-
Notifications
You must be signed in to change notification settings - Fork 24
Description
Normal day-to-day usage of make deploy/undeploy cycles for bpfman-operator development causes exponential growth in mount entries within the cluster control plane, eventually rendering the cluster unusable.
Cycle 1 - Current mount count: 80
Cycle 2 - Current mount count: 82
Cycle 3 - Current mount count: 86
Cycle 4 - Current mount count: 95
Cycle 5 - Current mount count: 111
Cycle 6 - Current mount count: 143
Cycle 7 - Current mount count: 207
Cycle 8 - Current mount count: 335
Cycle 9 - Current mount count: 591
Cycle 10 - Current mount count: 1103
Cycle 11 - Current mount count: 2127
Cycle 12 - Current mount count: 4175
Cycle 13 - Current mount count: 8271
Cycle 14 - Current mount count: 16463
Cycle 15 - Current mount count: 32847
The growth follows an exponential pattern, approximately doubling each cycle after cycle 7. This indicates mount points are not being properly cleaned up during undeploy operations.
Impact
- Development Workflow Disruption: Clusters become unusable after routine deploy/undeploy cycles
- System Instability: High mount counts can cause kernel resource exhaustion
- Deployment Failures: Eventually pods fail to enter running state within timeout periods
- Performance Degradation: Mount table operations become increasingly slow
Reproduction Steps
- Create a Kind cluster:
make setup-kind - Monitor mount points in real-time (optional):
while :; do echo -n "$(date): "; docker exec bpfman-deployment-control-plane wc -l /proc/mounts sleep 5 done
- Perform normal development cycles:
make deploymake undeploy- Repeat
- Observe mount count growth with each cycle
- After ~15 cycles, deployments timeout waiting for pods to become ready
Environment
- Platform: KIND cluster on Linux (or OpenShift)
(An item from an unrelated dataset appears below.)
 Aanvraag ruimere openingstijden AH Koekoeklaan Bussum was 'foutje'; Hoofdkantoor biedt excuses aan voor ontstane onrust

- Cluster: bpfman-deployment (default KIND cluster name)
- Namespace: bpfman
- Development Cycles: 15 deploy/undeploy cycles over ~9 minutes
Note: This issue is also reproducible on OpenShift clusters, where remediation requires rebooting affected nodes.
Expected Behaviour
Mount entries should return to baseline levels after each undeploy operation, with minimal growth over time.
Actual Behaviour
Mount entries accumulate exponentially, never being fully cleaned up during undeploy operations, eventually breaking the development cluster.
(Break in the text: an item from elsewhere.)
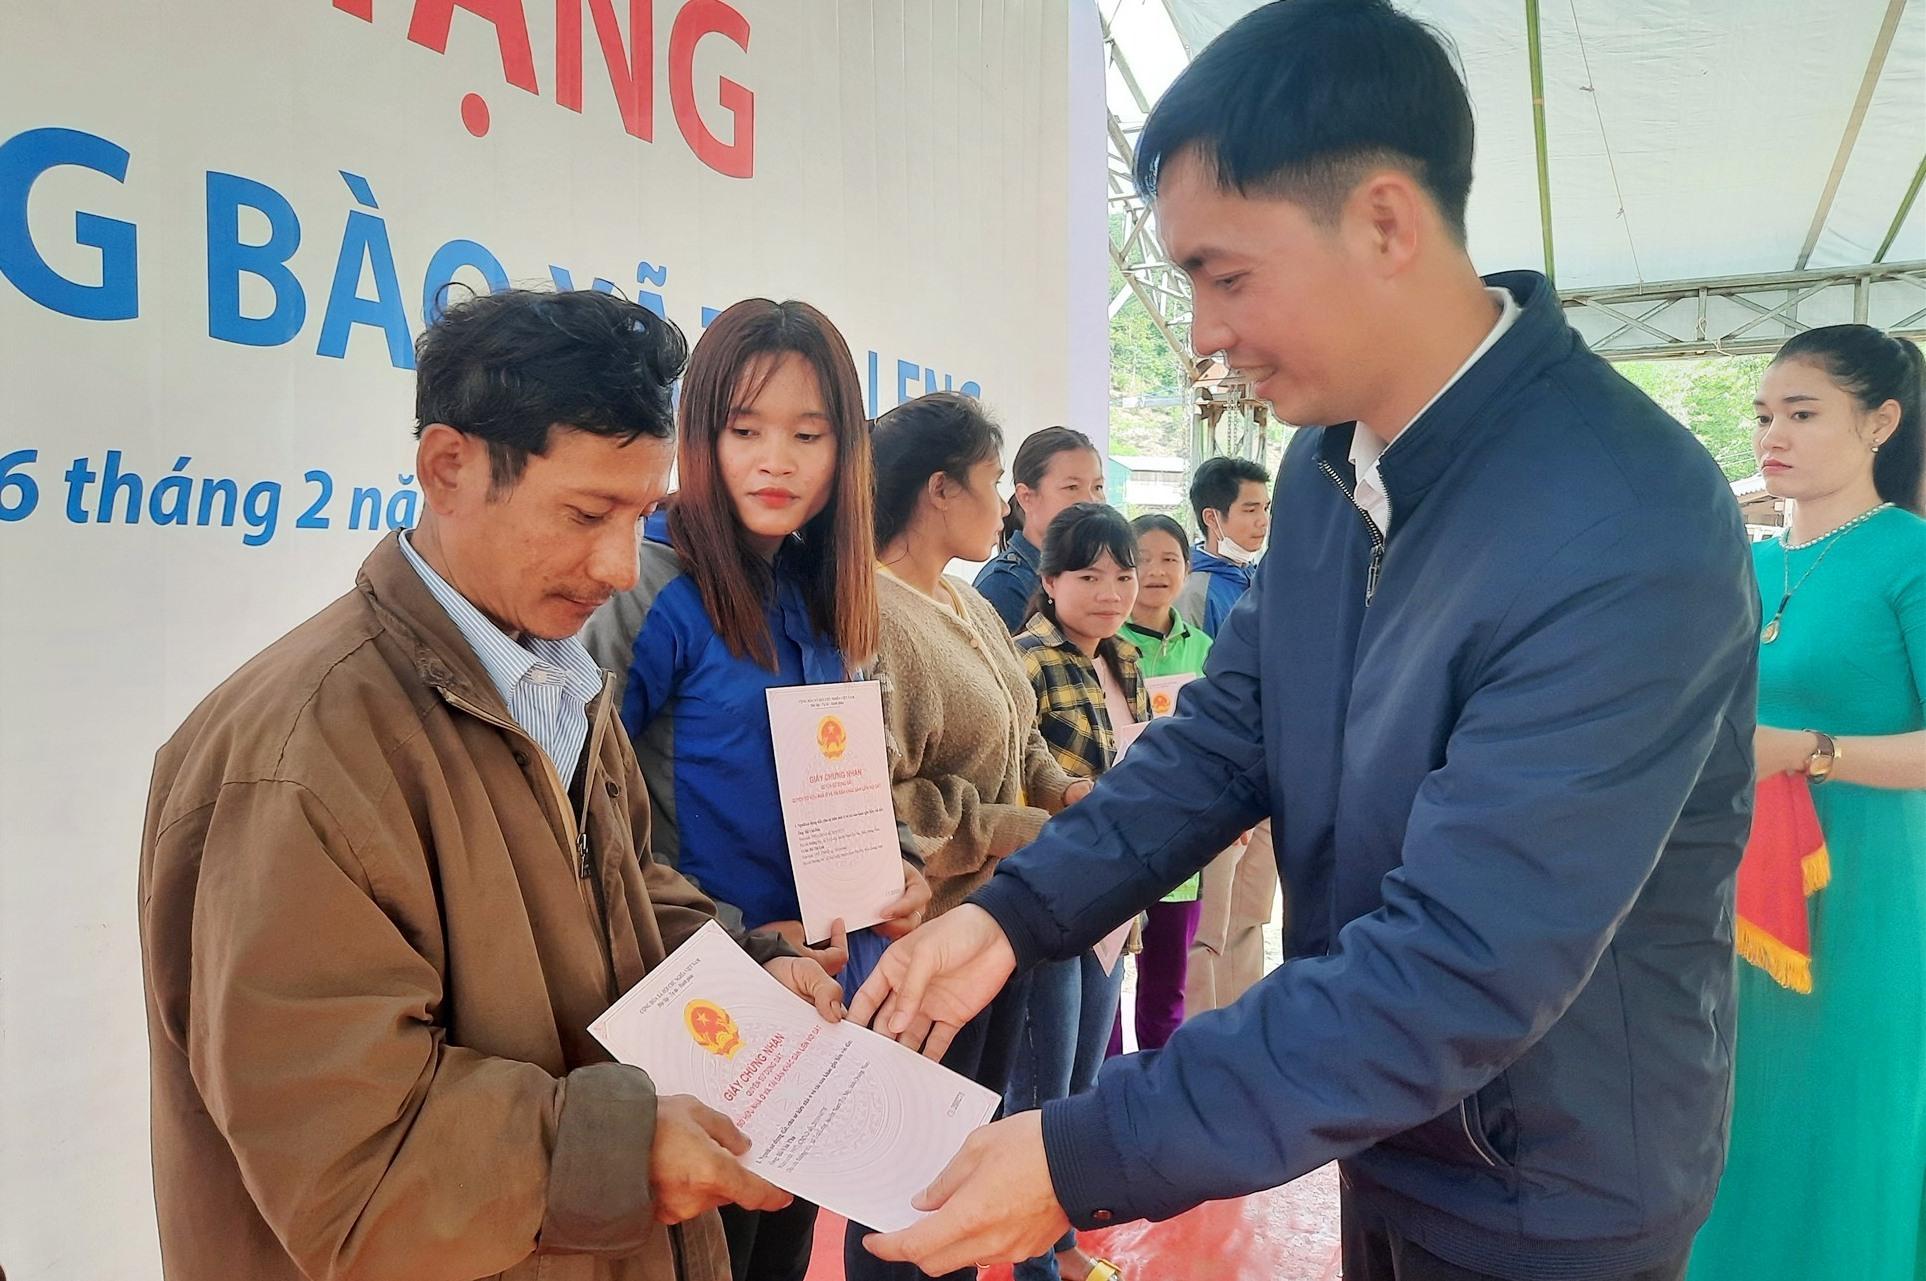 Trao giấy chứng nhận quyền sử dụng đất cho 30 hộ dân bị thiệt hại do sạt lở ở Trà Leng. Ảnh: Đ.ĐẠO

This issue significantly impacts the development workflow as clusters become unusable after routine development cycles. After ~15 deploy/undeploy cycles, the cluster reaches system limits (32,767 mount entries) and deployments begin failing.
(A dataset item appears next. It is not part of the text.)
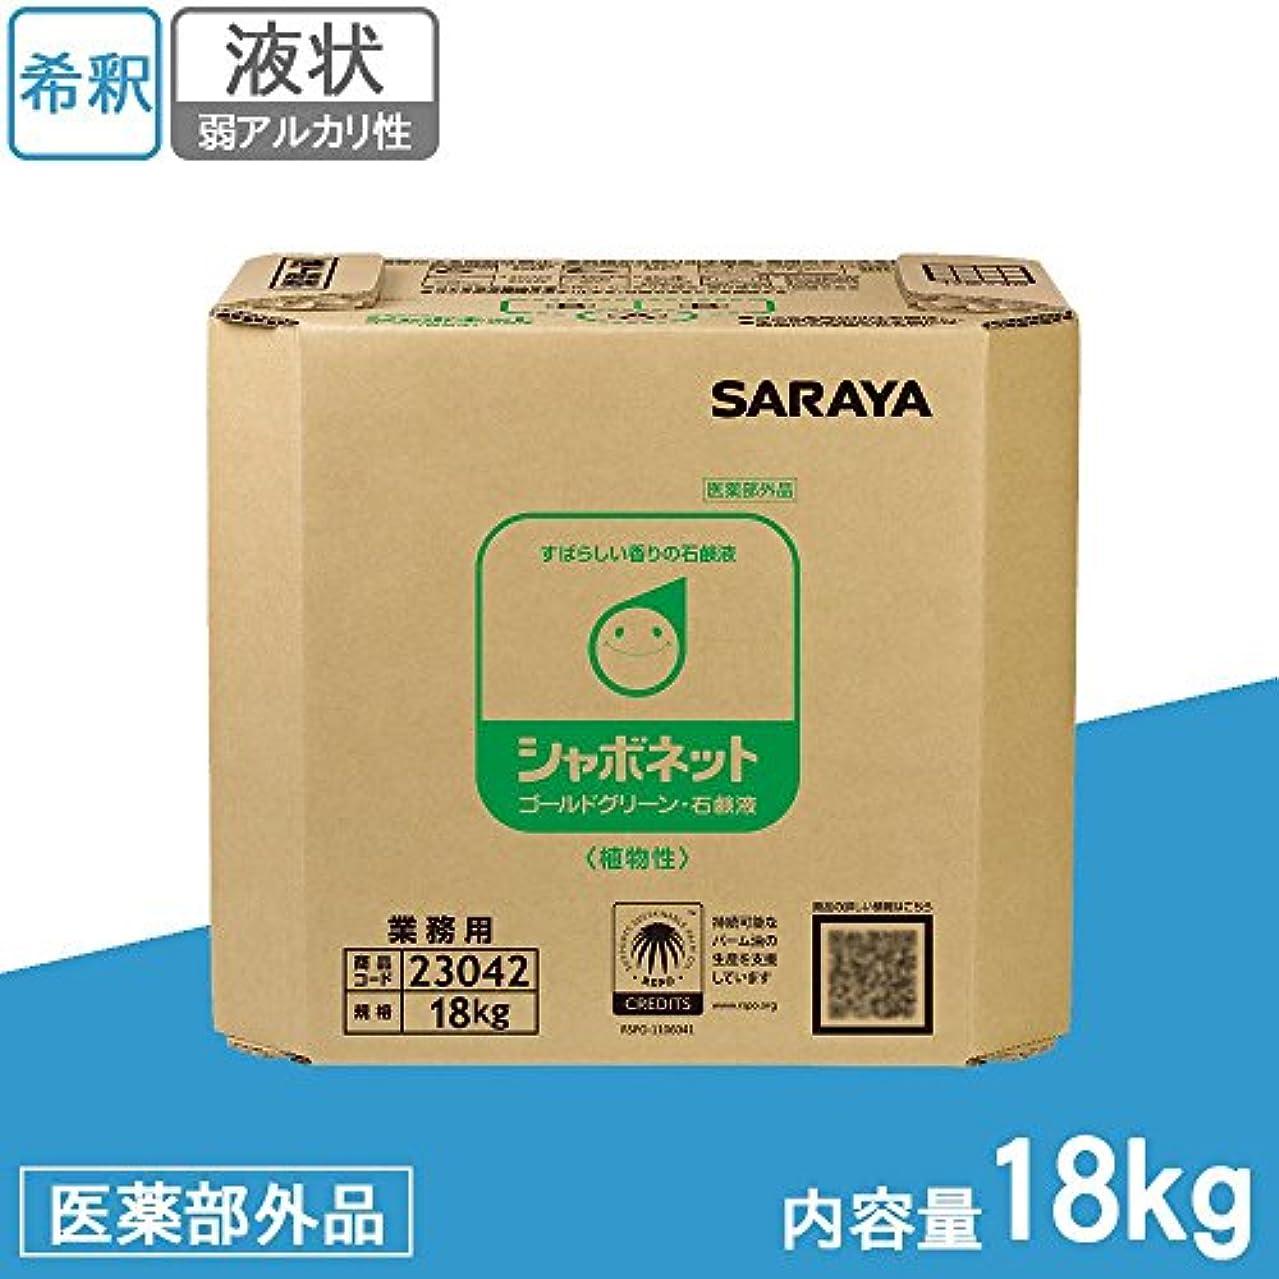 ハードウェア予防接種ブルジョンサラヤ 業務用 手洗い用石けん液 シャボネットゴールドグリーン スズランの香り 18kg BIB 23042 (医薬部外品)

Production Impact: On OpenShift clusters, this issue manifests similarly and requires node reboots to remediate, making it a critical issue for production deployments.
The issue likely stems from incomplete cleanup during the undeploy process, where mount points created during deployment are not properly removed.
Suggested Investigation
An initial avenue of investigation would be the CSI driver, as it manages volume mounts and may not be properly cleaning up mount points during undeploy operations. The exponential growth pattern suggests mount points are being created but never removed.